Azotemia, electrolyte abnormalities (eg, hyperkalemia), acidemia, and cardiovascular events (eg, arrhythmias) are the most common comorbidities at presentation in obstructed cats. In a study of 168 cats, 57% had azotemia, 46% had hyperkalemia, 73% had acidemia, and 33.5% had arrhythmias; arrhythmias were primarily bradycardia (88.5%) and ventricular premature complexes (11.4%; see Step 4).3 Absence of P waves with normal QRS complexes (ie, atrial standstill) is also common in blocked cats with hyperkalemia.4 Less commonly, cats can be presented with hypovolemia and hypotension or significant clinical dehydration (53% of cats in one study).4

The goal of stabilization is to identify and address expected comorbidities to optimize the patient for safe sedation or anesthesia prior to urinary catheter placement.
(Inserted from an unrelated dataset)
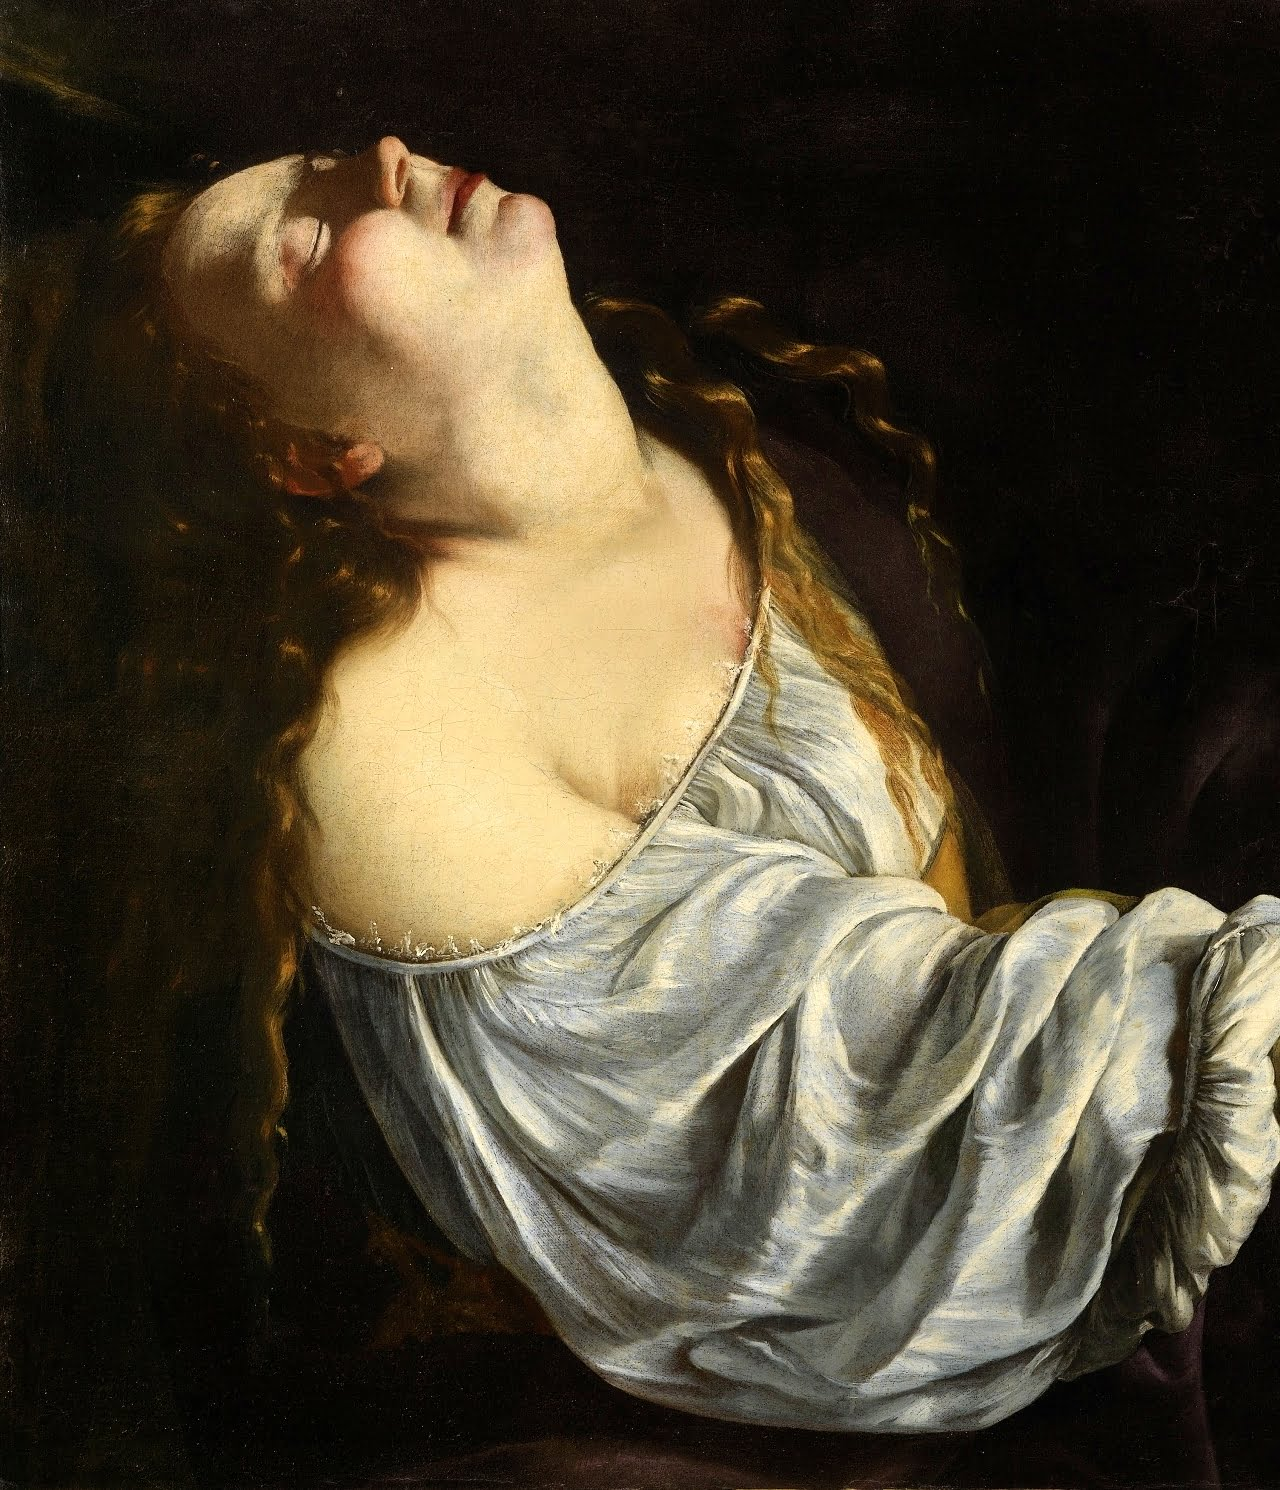 Artemisia Gentileschi / Артемизия Джентилески (1593-1653) - Maria Maddalena in estasi  / Мария Магдалина в экстазе (1613-1620)

Before sedation or anesthesia, cats should be normovolemic with normal blood pressure, have normal sinus rhythm on ECG, and receive treatment for hyperkalemia if potassium is >7 mEq/L (7 mmol/L). Blocked cats will not be completely stable until a urinary catheter is placed. Unblocking should typically be attempted prior to referral for further care and hospitalization.


Step-by-Step: Stabilization of Cats With Urethral Obstruction Prior to Referral



Step 1: Assess the Patient

Perform a physical examination to determine whether the cat is in shock and identify any cardiovascular abnormalities (eg, murmurs, arrhythmias) before giving fluid therapy.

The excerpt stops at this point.